Please retype every record exactly as it appears, omitting the pictures.

Top of Records for the exercise

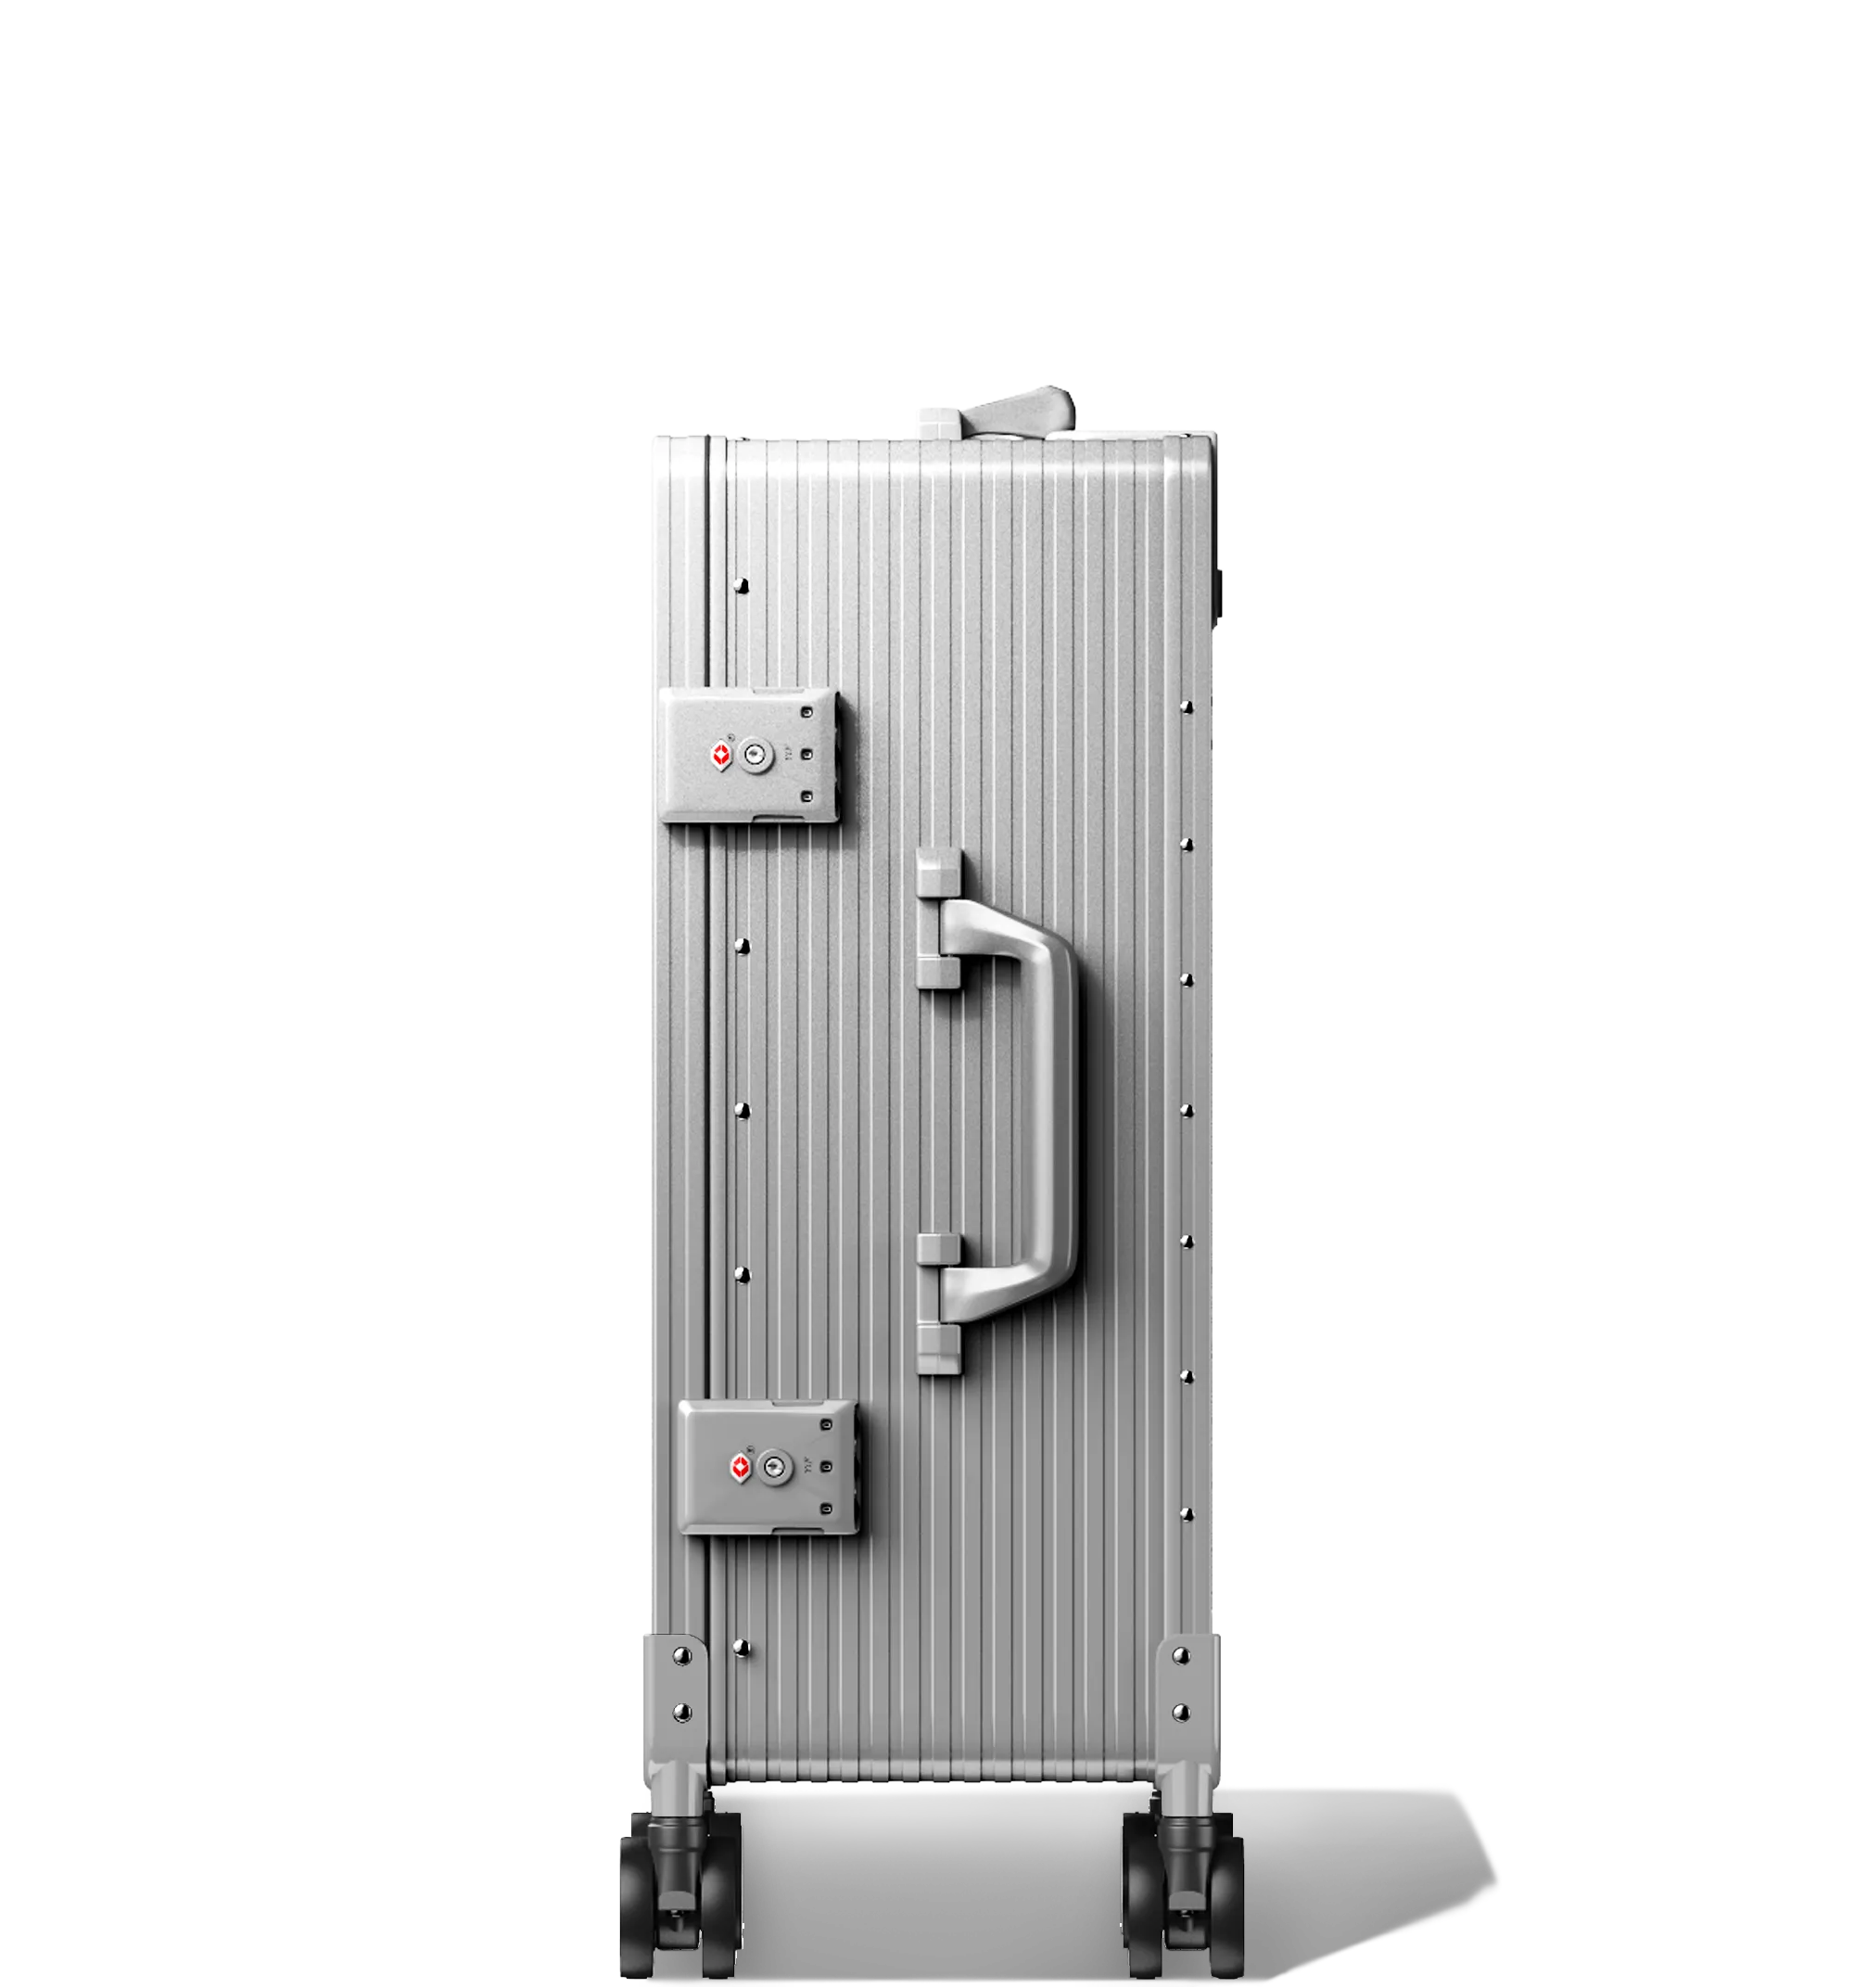 A silver Cabin In 56/20 hard-shell aluminium Luggage standing upright with ribbed texture, side and top carry handles, two TSA-approved combination locks, and four spinning wheels, against a white background.
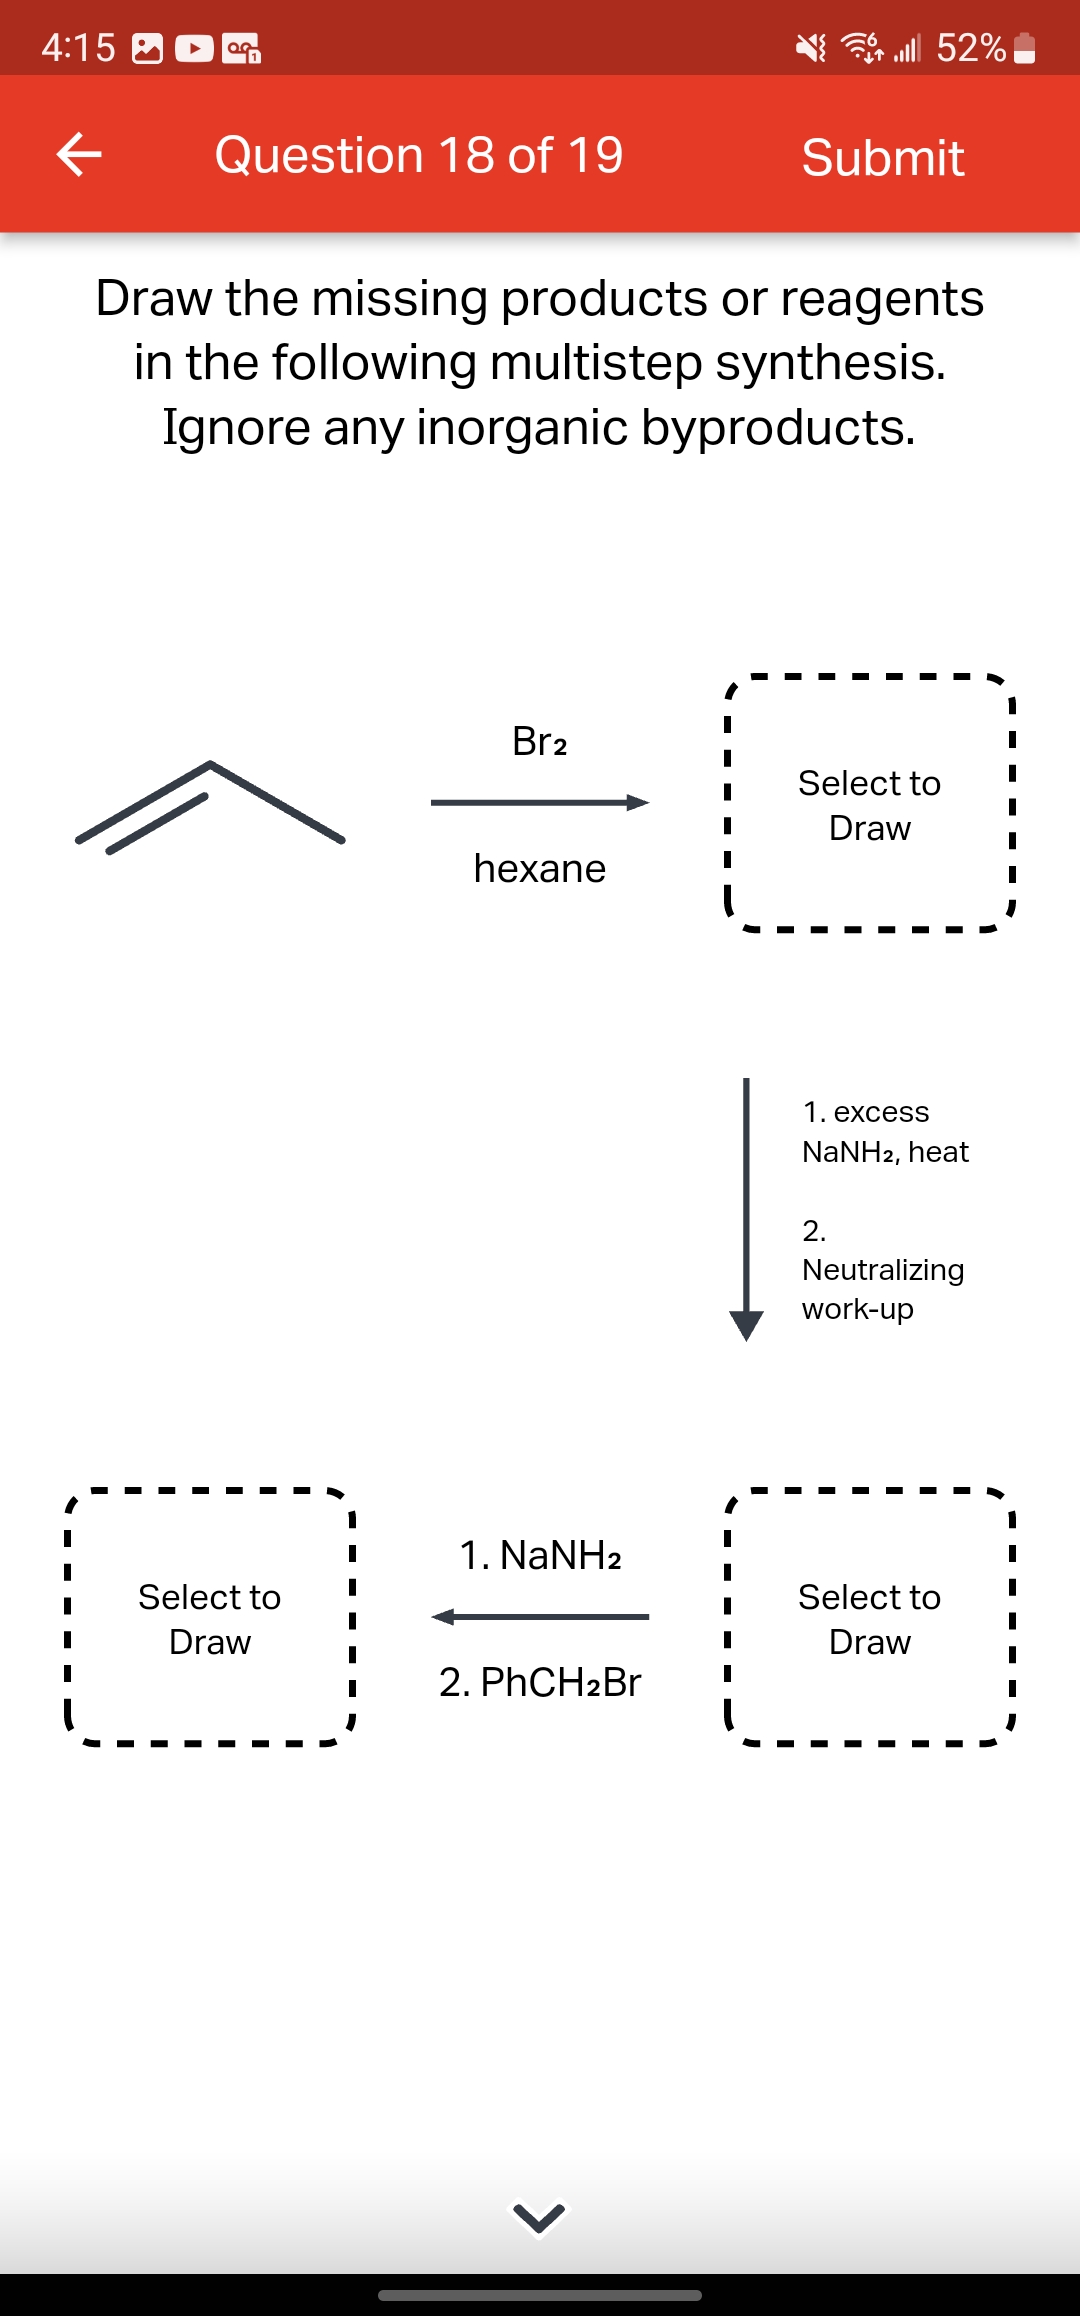 4:15
OG
← Question 18 of 19
Select to
Draw
Draw the missing products or reagents
in the following multistep synthesis.
Ignore any inorganic byproducts.
Br2
hexane
1. NaNH2
2. PhCH2Br
>
lll 52%
Submit
Select to
Draw
1. excess
NaNH2, heat
2.
Neutralizing
work-up
Select to
Draw

Bottom of Records for the exercise

Exercise answer:
 A silver Cabin In 56/20 hard-shell aluminium Luggage standing upright with ribbed texture, side and top carry handles, two TSA-approved combination locks, and four spinning wheels, against a white background.
 4:15
OG
← Question 18 of 19
Select to
Draw
Draw the missing products or reagents
in the following multistep synthesis.
Ignore any inorganic byproducts.
Br2
hexane
1. NaNH2
2. PhCH2Br
>
lll 52%
Submit
Select to
Draw
1. excess
NaNH2, heat
2.
Neutralizing
work-up
Select to
Draw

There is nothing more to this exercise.